Fast-forward to 2013 when the political environment has changed dramatically. There are now too many people — including those from the diaspora — keen to represent the party, amid claims that some want to reap where they did not sow or view politics as a way out of poverty or to good life, not an opportunity to offer public service.

Dividing opinion within and outside the MDC-T is whether the party should discard tried and tested MPs because of lack of qualifications and expertise in favour of johnnies-come-lately who, despite high qualifications, lack the experience and courage to endure the rough and tumble of local politics.

Bulawayo East MP Thabitha Khumalo is one of party veterans facing MDC-T purges.

“I built the party’s Bulawayo East structures from scratch, traversing the length and breadth of suburbs from Woodville to Burnside,” she once said. “I’m not aware of any attempt to remove anybody, especially tried and tested cadres as that would be akin to removing those with an institutional memory of the party in favour of newcomers.”

Daily News cartoonist and political satirist Tony Namate summed the feeling of party veterans when he said on Facebook: “The MDC-T says it is worried about the low qualifications of most of the aspiring parliamentary candidates, but when they were in the trenches no one was worried about their CVs.”

Former United States ambassador to Zimbabwe Christopher Dell once said there was merit in allowing new blood, including those in the diaspora, to come into the party and assume leadership positions.

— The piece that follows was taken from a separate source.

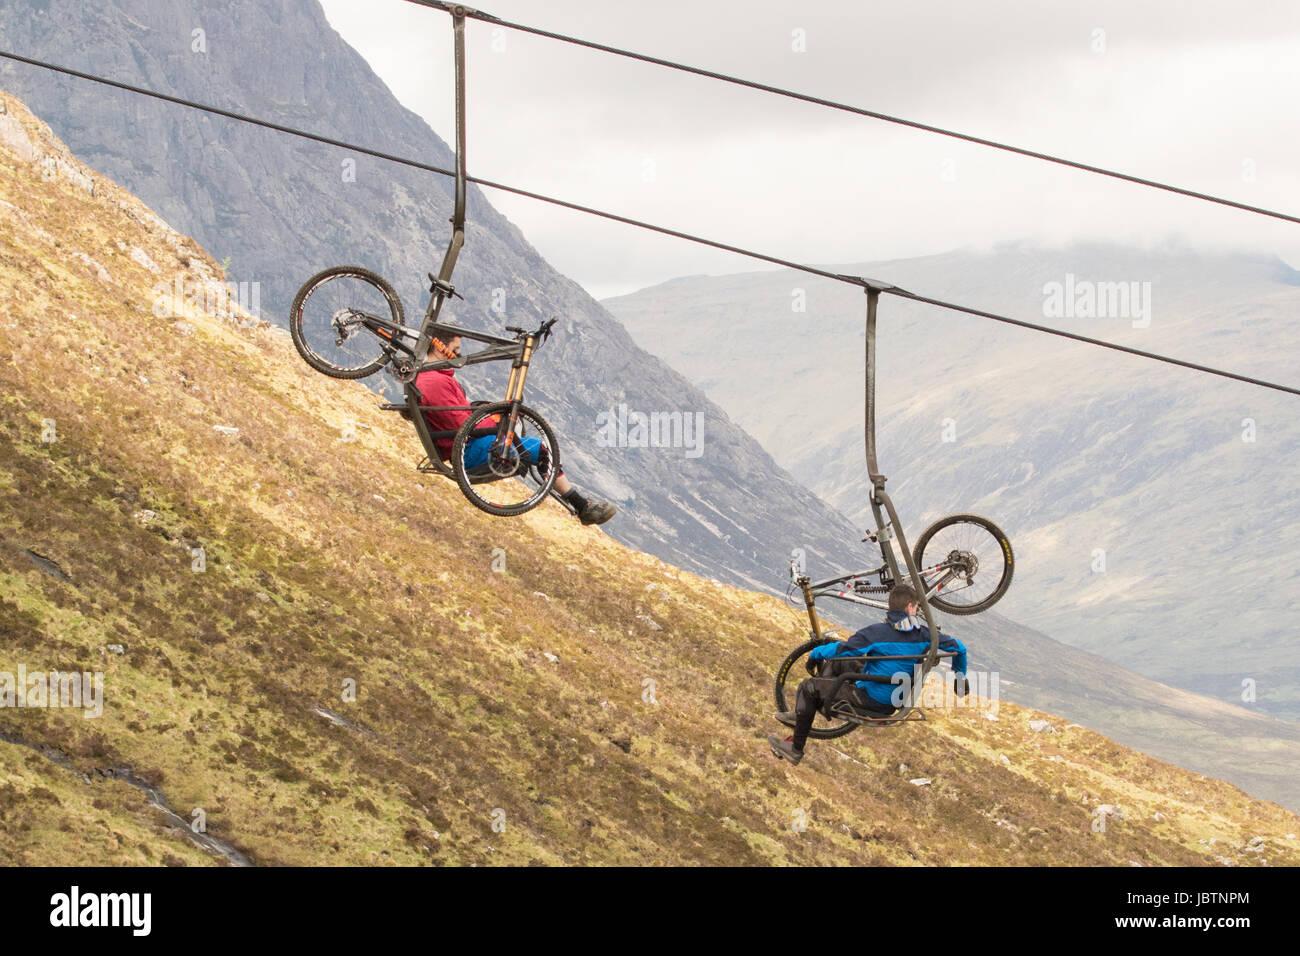 Glencoe mountain mountain biking - downhill mountain bikes on chair lift, to access the Downhhill Track, Glencoe, - Stock Image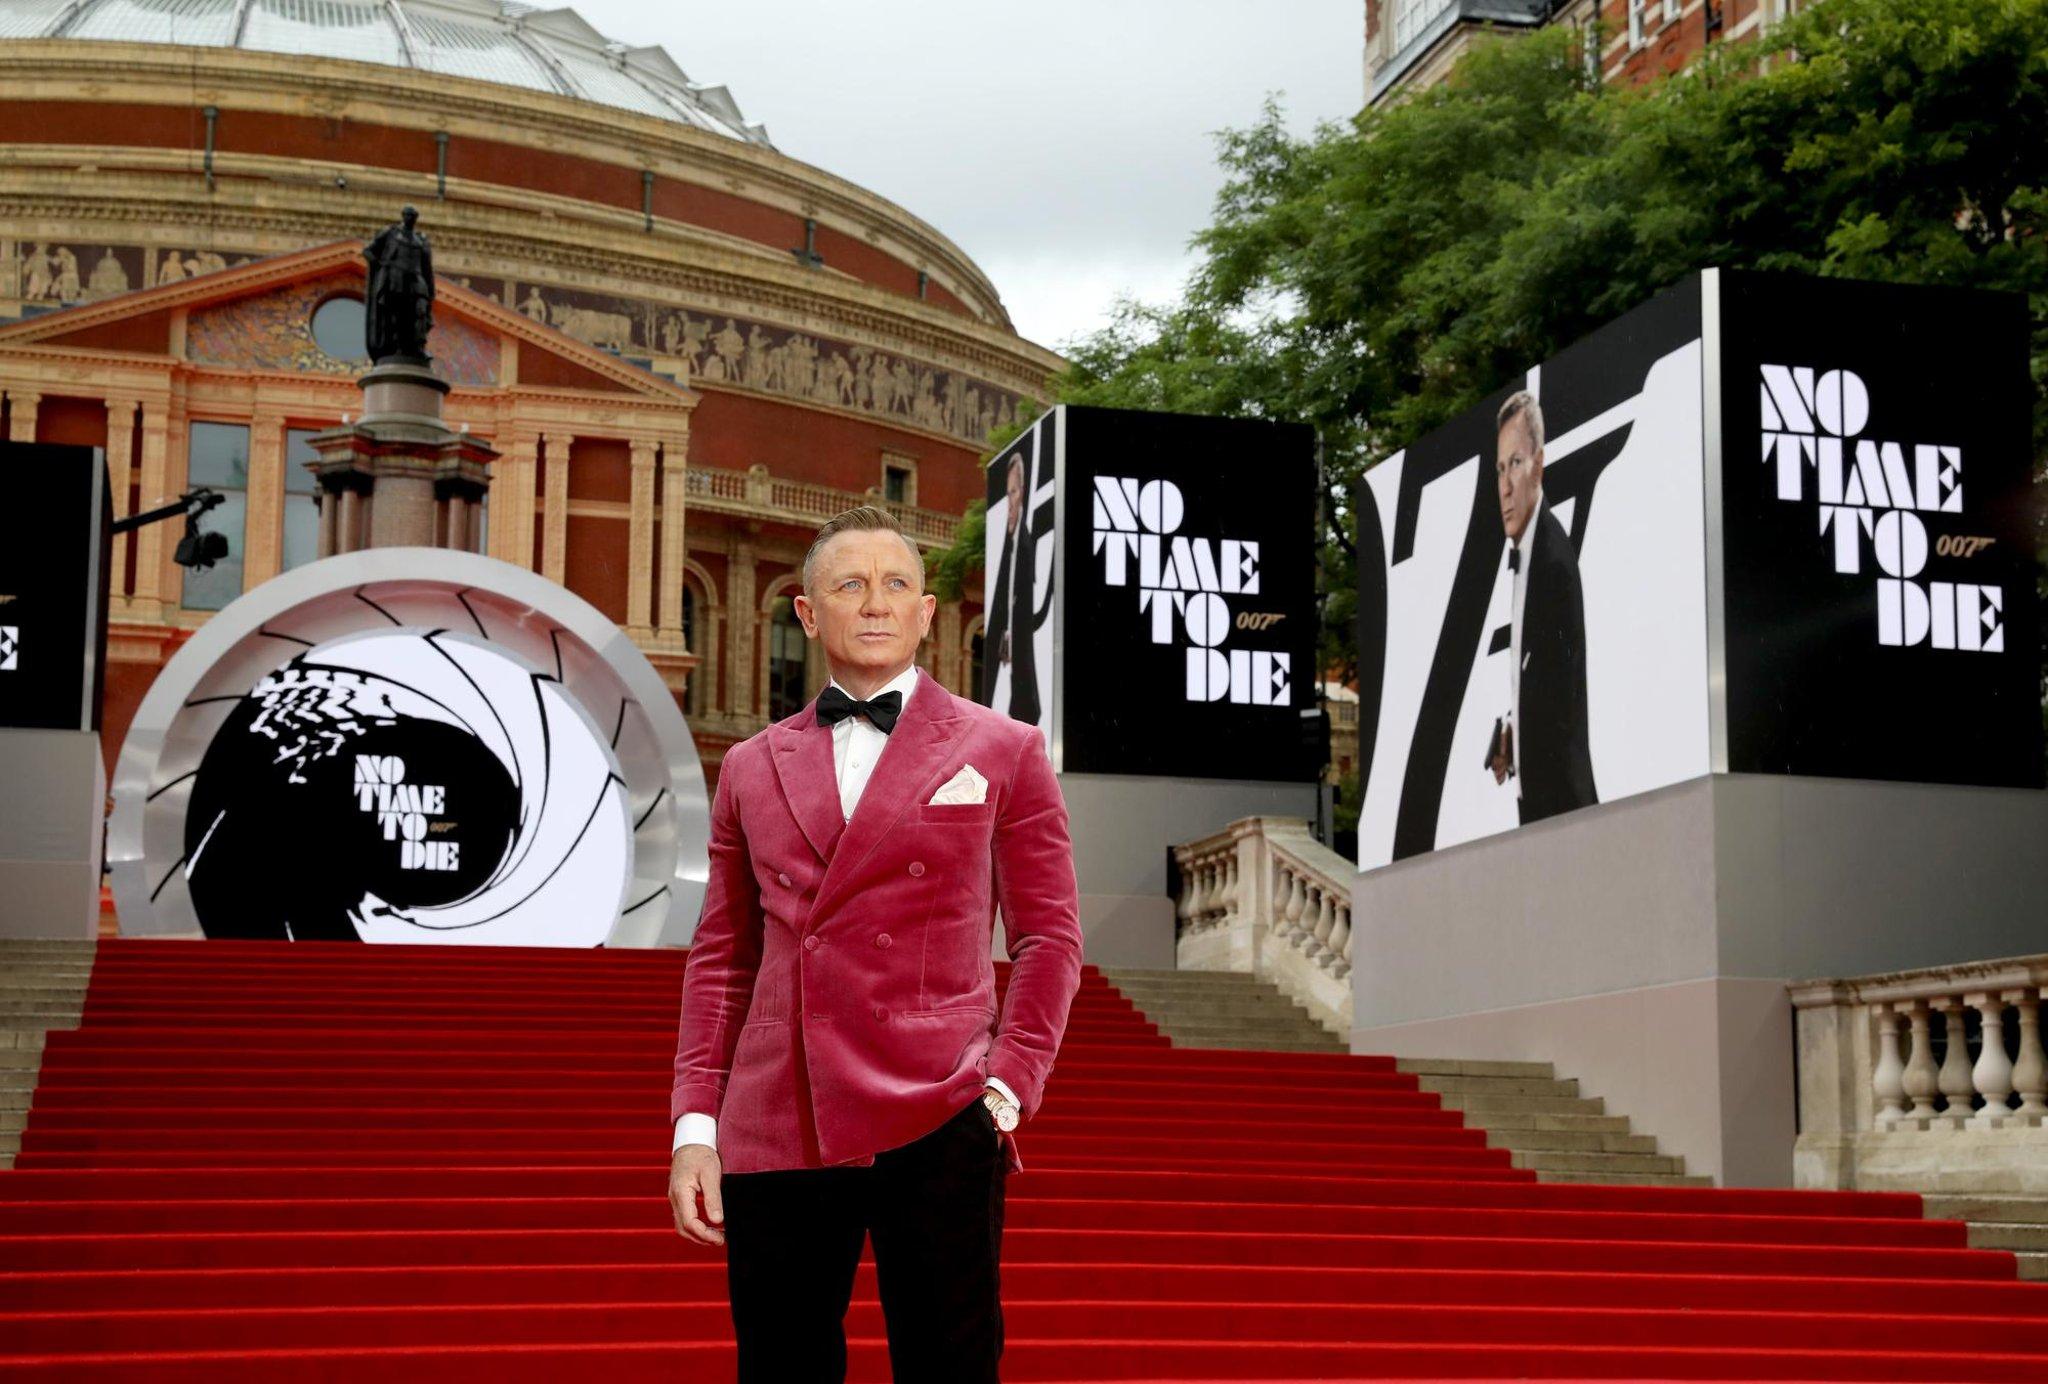 No Time To Die: Lagu Bond Daniel Craig akhirnya tiba untuk membantu menyelamatkan industri perfilman

Dell stoked controversy following the release by WikiLeaks of secret US diplomatic cables in 2010 in which he made disparaging remarks about Prime Minister Morgan Tsvangirai’s leadership qualities, describing him as “a flawed figure, not readily open to advice, indecisive and with questionable judgement”. He suggested Zimbabwe’s future leaders were in the diaspora.

“The saving grace of the MDC is likely to be found in the diaspora,” he said.

Political analyst and convenor of the Southern African Political Economy Series Trust’s policy dialogue forum Ibbo Mandaza said while ditching the old party faithful would be “fatal” for any party, it is important to technocratise government by bringing in people who are competent.

“We have a serious problem where we have some people who win elections resoundingly and yet when appointed Minister of Transport, for instance, they have no clue on how to run the ministry,” said Mandaza.

Mandaza said Zimbabwe should have followed the Kenyan model during the constitution-making exercise where MPs remain in their constituencies, but technocrats are brought in from outside to run government ministries like chief executive officers.

Zimbabwe Democracy Institute executive director Pedzisai Ruhanya said purges were not necessary.

“The technocrats they are talking about are needed to run government ministries and departments. Civil servants will guide the politicians,” said Ruhanya. “So in choosing party candidates, they should not confuse political leadership with technocrats needed for the civil service.”

Critics say given the need to balance party loyalty with competence in running government, the MDC-T runs the risk of alienating some of its loyal but less-educated members for educated newcomers, possibly with disastrous results.